I would also like to note that this is something of a dark time for the study of religion in the United States. Many of our beloved Catholic colleges and universities have recently closed. Those that remain open face financial struggles, even with tuition raised beyond what many Catholic families can afford.Footnote 8 Furthermore, Catholic higher learning is facing a crisis of mission, with considerable pressure to define its role as providing either an ossified Catholic authoritarianism or a secular careerism focused on only the education directly correlated with increasing wages and advancing careers.Footnote 9
With so many Catholic colleges and universities closing, embracing an uncritical dogmatism, or mirroring the careerism of secular society, I cannot help wondering where the Catholic Church will find the institutional space to do its thinking in the coming years. I worry even more about where the young of today will learn that religions, including Catholic Christianity, are nuanced and developing traditions in ongoing dialogue with both past wisdom and new insights. When a liberal arts education is evaluated in terms of a purely monetary cost-benefit analysis, there is little room for the critical study of religion. Yet if students are never taught how to think critically with and about religion, but instead assume that religions are unchanging systems that must either be totally accepted or completely rejected, how can religion have a viable public presence?

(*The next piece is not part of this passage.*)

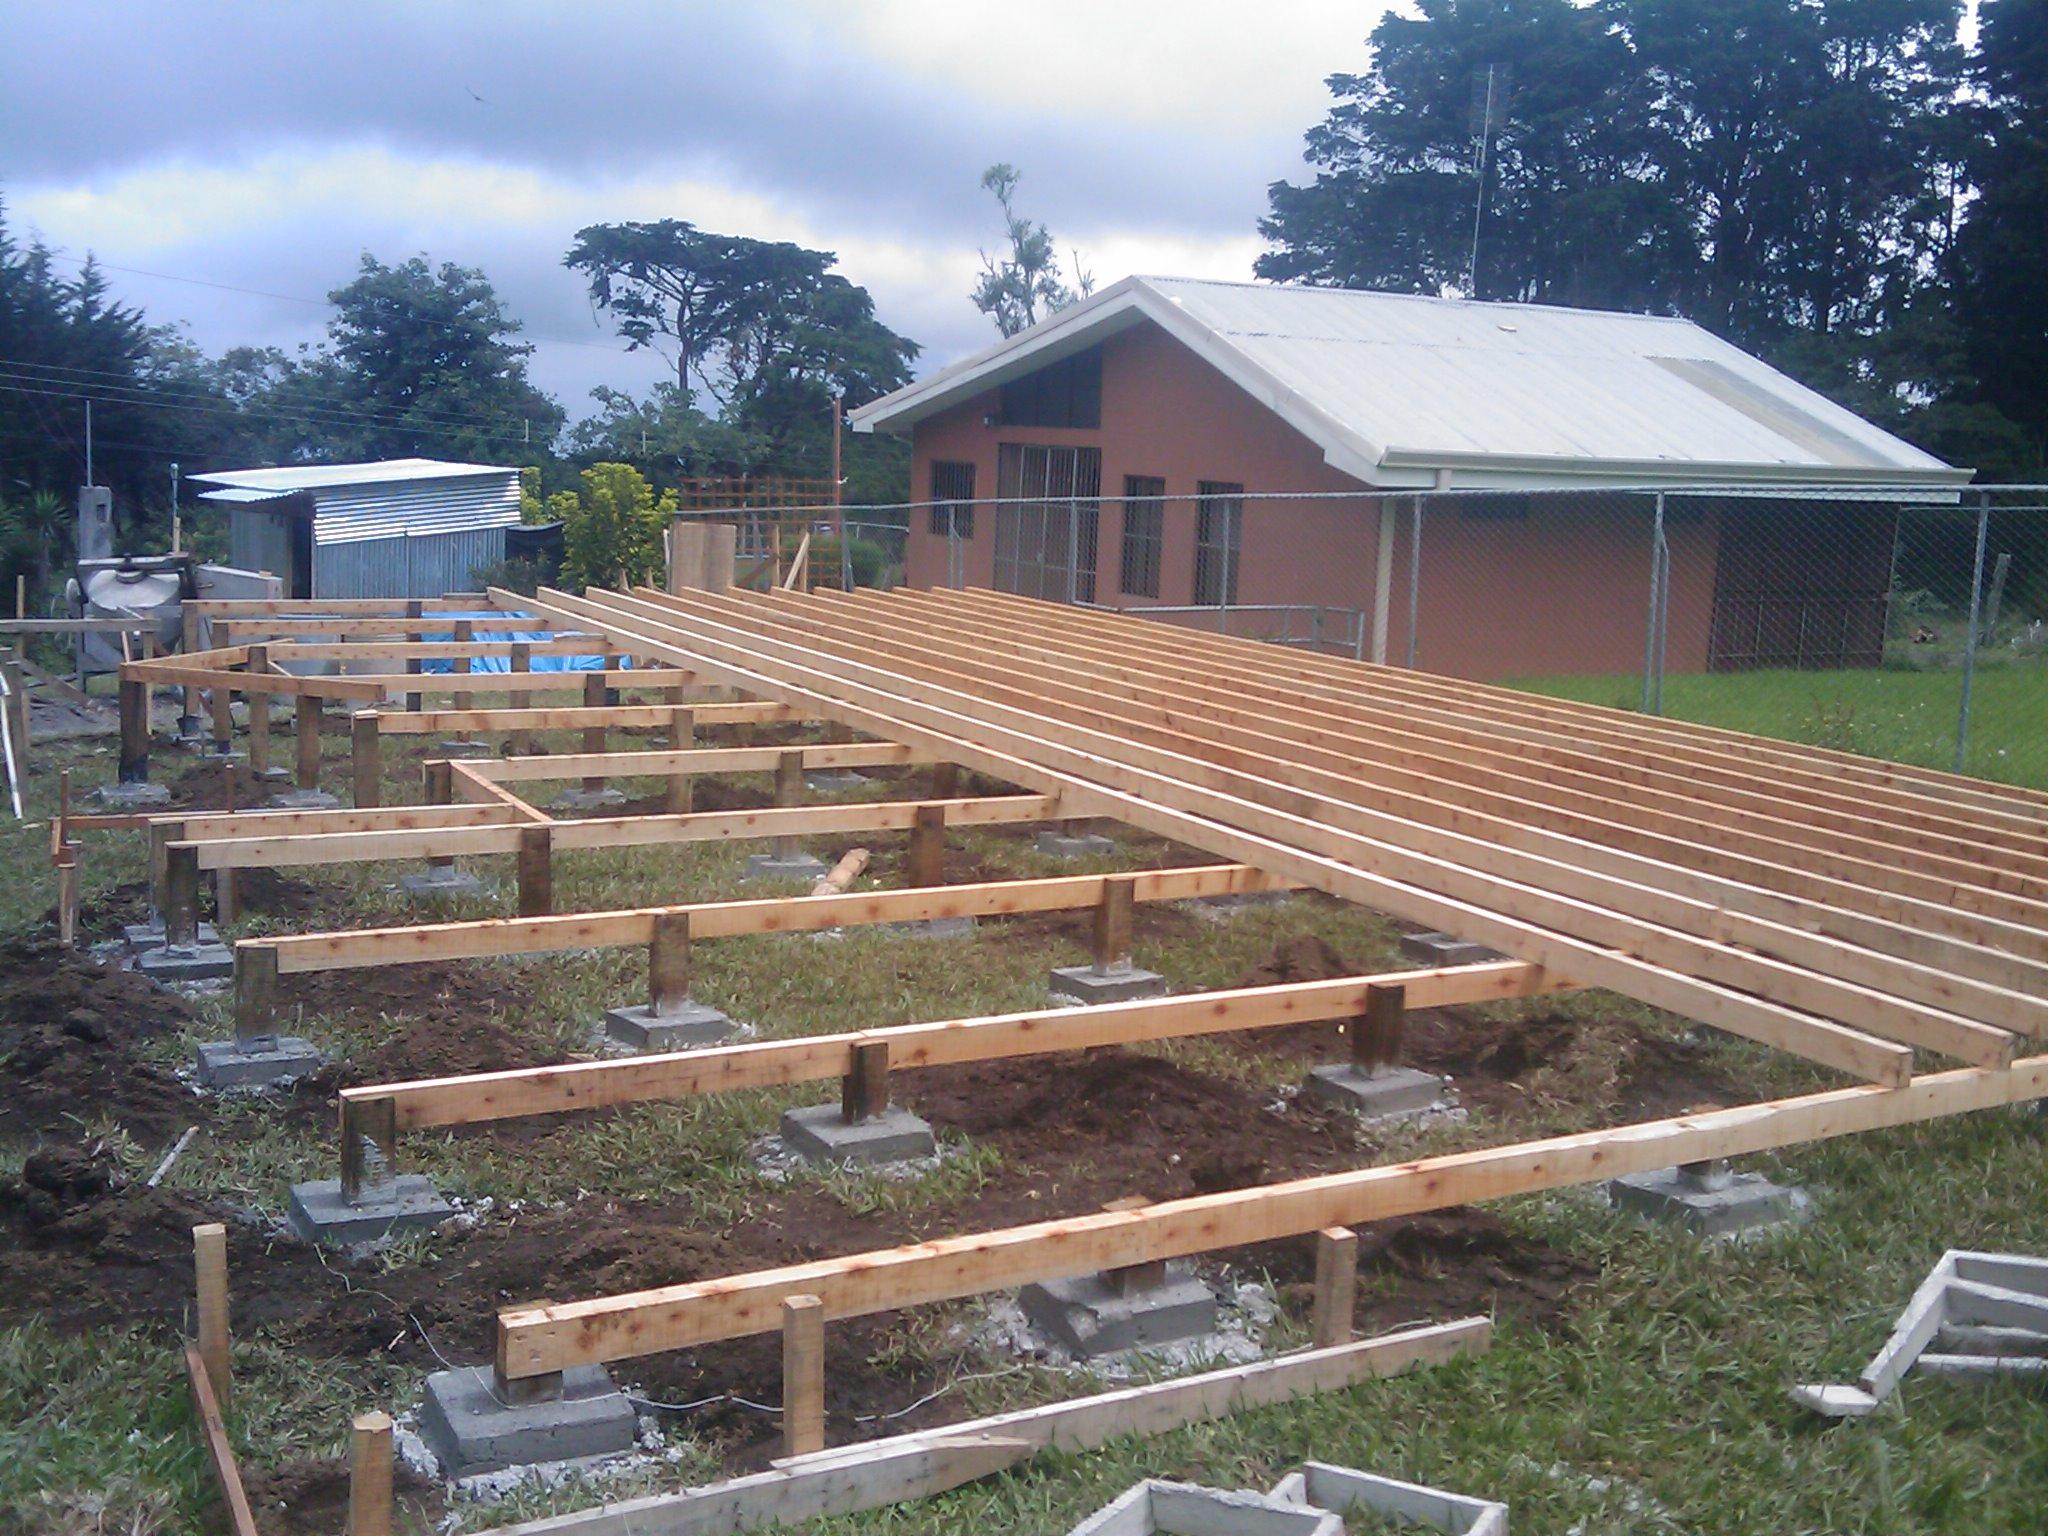 Construcci n caba a fh parte i ecoarqsos - Construccion de cabanas de madera ...

Further reflection on our current dark times will, I believe, benefit from paying attention to the specific meaning that Arendt gave to the phrase “dark times.” In her usage, the phrase described something even more problematic than a society in crisis, which is the commonsensical way I have thus far used the phrase. For Arendt, times were dark not merely because of the significance of a society's problems or the extent of its breakdown, though both of these were surely true in the dark times that preoccupied Arendt in the twentieth century. Instead (or in addition), Arendt considered a time to be truly dark when the society's real disfunctions are unperceived and the thinking that could illuminate the situation is not occurring.Footnote 10 This raises another disturbing possibility: Could ours be a truly dark time because there are unrecognized root causes, even deeper problems, underlying the nearly overwhelming issues of which we are so painfully aware?
It is, of course, the profession of scholars of religion to study—and to teach others how to study—the implicit as well as explicit values and orienting concepts that enable people to make sense of the world and of their place in it. In other words, the study of religion is concerned with the foundations that anchor individual lives and societies, so in studying religion we engage the root causes of societal dysfunction. Why else would so many scholars of religion have worked so hard, even during the COVID lockdown, to teach effectively despite the many obstacles, while also continuing to research and publish? Why have so many members of the College Theology Society redoubled their volunteer efforts to make a virtual convention possible for two years in a row, when many other academic societies (even those with paid staff!) canceled their annual meetings? Some might suggest that this is all a distraction, perhaps a way of seeking comfort by making life seem as normal as possible. Having had the privilege of working with the College Theology Society members so closely during this time, I am persuaded that the main reason all have worked so diligently as teachers and scholars is our common commitment to illuminating these dark times by bringing a deeper understanding as well as a viable hope to bear on the critical issues facing humanity today.
As the work of the College Theology Society demonstrates, the study of religion is no mere diversion or esoteric pastime, of relevance only to those who happen to like that sort of thing. To the contrary, we do our work as teachers and scholars because we know that the study of religion is essential to any adequate understanding of the fundamental distortions in contemporary thought, imagination, and action, that is, those corruptions that diminish all of our lives, collectively and personally. We continue to find ways to engage in the conversations through which we strive for more adequate understandings, think more deeply together, and inspire and support one another in the search for the insights that will enable us to address our societal, economic, political, and personal crises radically, that is, at their roots. In Arendt's terminology, we are dedicated to seeking illumination to overcome the darkness of our time.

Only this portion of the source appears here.